Another way this can improve performance is that sometimes, it’s easier to calculate multiple CVs at once, rather than calculating them individually. For example, the overhead for converting to another trajectory format (such as MDTraj) may become large. Here’s a way to avoid that:
all_dists = paths.MDTrajFunctionCV("all_dists", md.compute_distances,
topology, atom_pairs=[[0, 1], [0, 2]])
def select_distance(snapshot, all_dists_cv, pair_number):
return all_dists_cv(snapshot)[pair_number]

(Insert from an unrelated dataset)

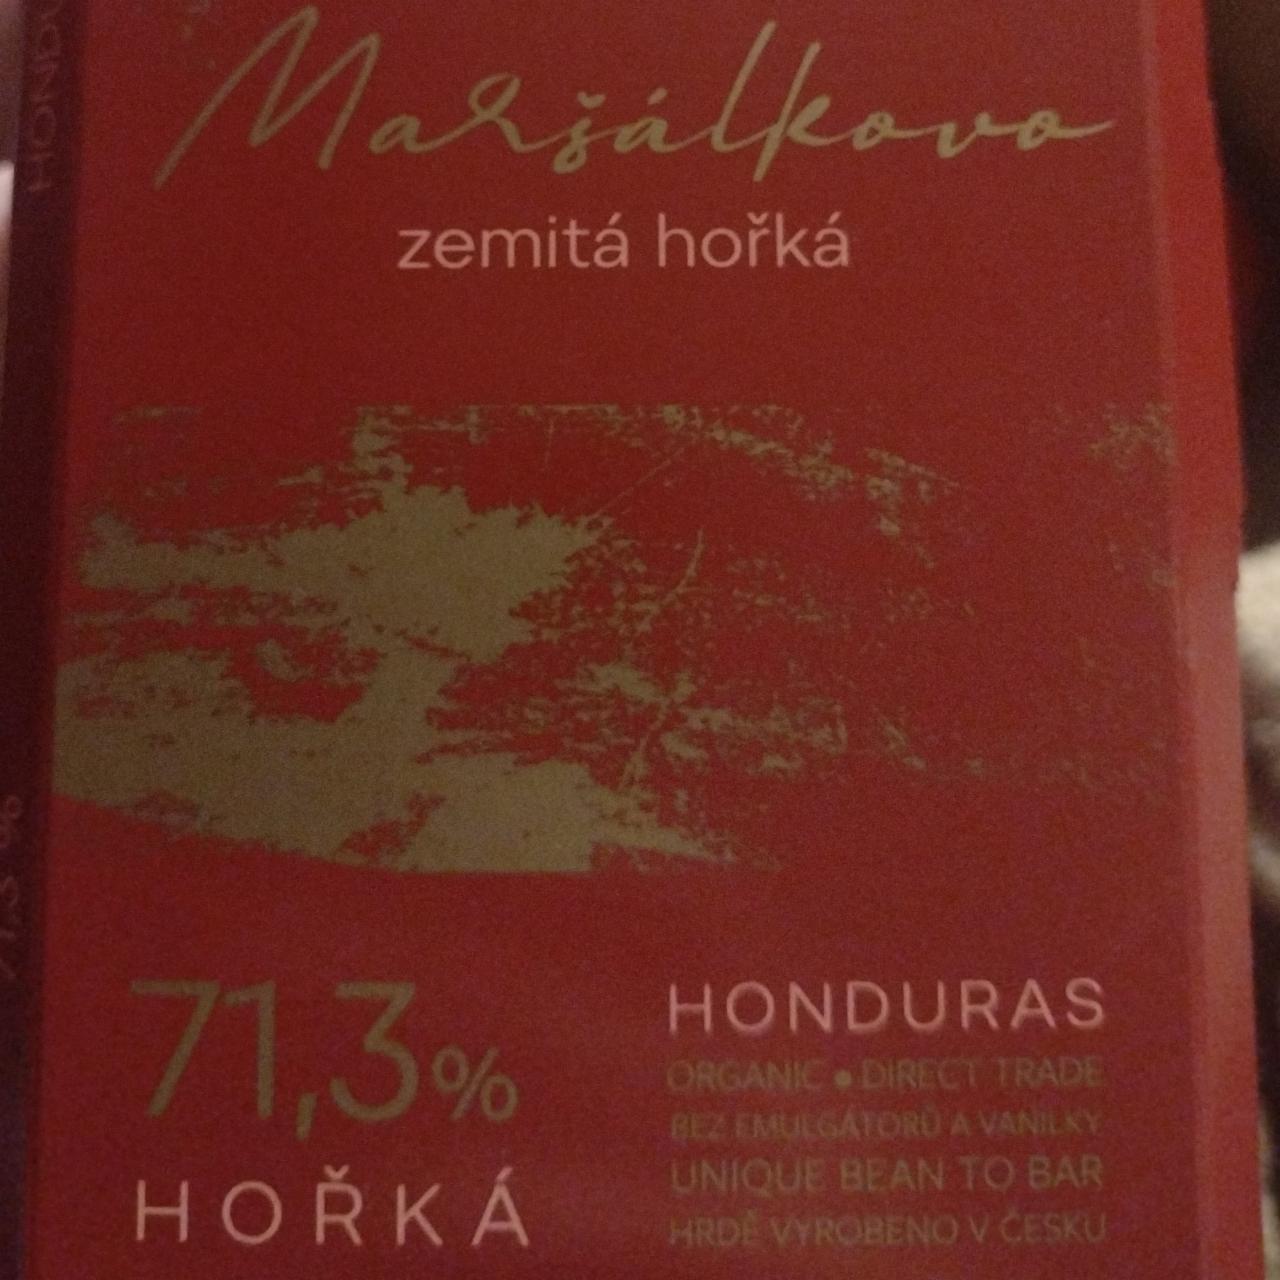 Fotografie - Maršálkovo zemitá hořká HONDURAS 71,3%

dist_0_1 = paths.CoordinateFunctionCV("dist_0_1", select_distance,
all_dists_cv=all_dists,
pair_number=0)
dist_0_2 = paths.CoordinateFunctionCV("dist_0_2", select_distance,
all_dists_cv=all_dists,
pair_number=1)
Let’s say that your code later uses dist_0_1
and then dist_0_2
on a
snapshot called snap
. When dist_0_1(snap)
is called, the
all_dists
CV is used, meaning that we use MDTraj to calculate the
distance. But all the distances are calculated, and the result is cached
(always cached in memory, cached to disk if that has been enabled). When
dist_0_2(snap)
is called, it finds that all_dists
was already called
on snap
, so it pulls the result from the cache instead of actually using
MDTraj again.
Security: Loading from storage without the function
The ability to store an arbitrary function is extremely powerful. However, it can also be extremely dangerous. Since the function could, in principle, do anything, someone could create a malicious CV that does damage to your system. To prevent that, you can set a “safe mode” that prevents the storage from loading the Python functions associated with CVs. In safe mode, you can still read the disk-cached values of the CV, but you can’t calculate the value of the CV for a snapshot that doesn’t have a disk-cached result. If you need to calculate the value for new snapshots, you can associate the CV with a function after reloading it in safe mode. It is your responsibility to ensure that the function is the same as the original one! Note that this approach can also be used if Python changing its internal object code (as happened between Python 2 and Python 3).
If you are loading an OPS file from an unknown/untrusted source, we always recommend using safe mode.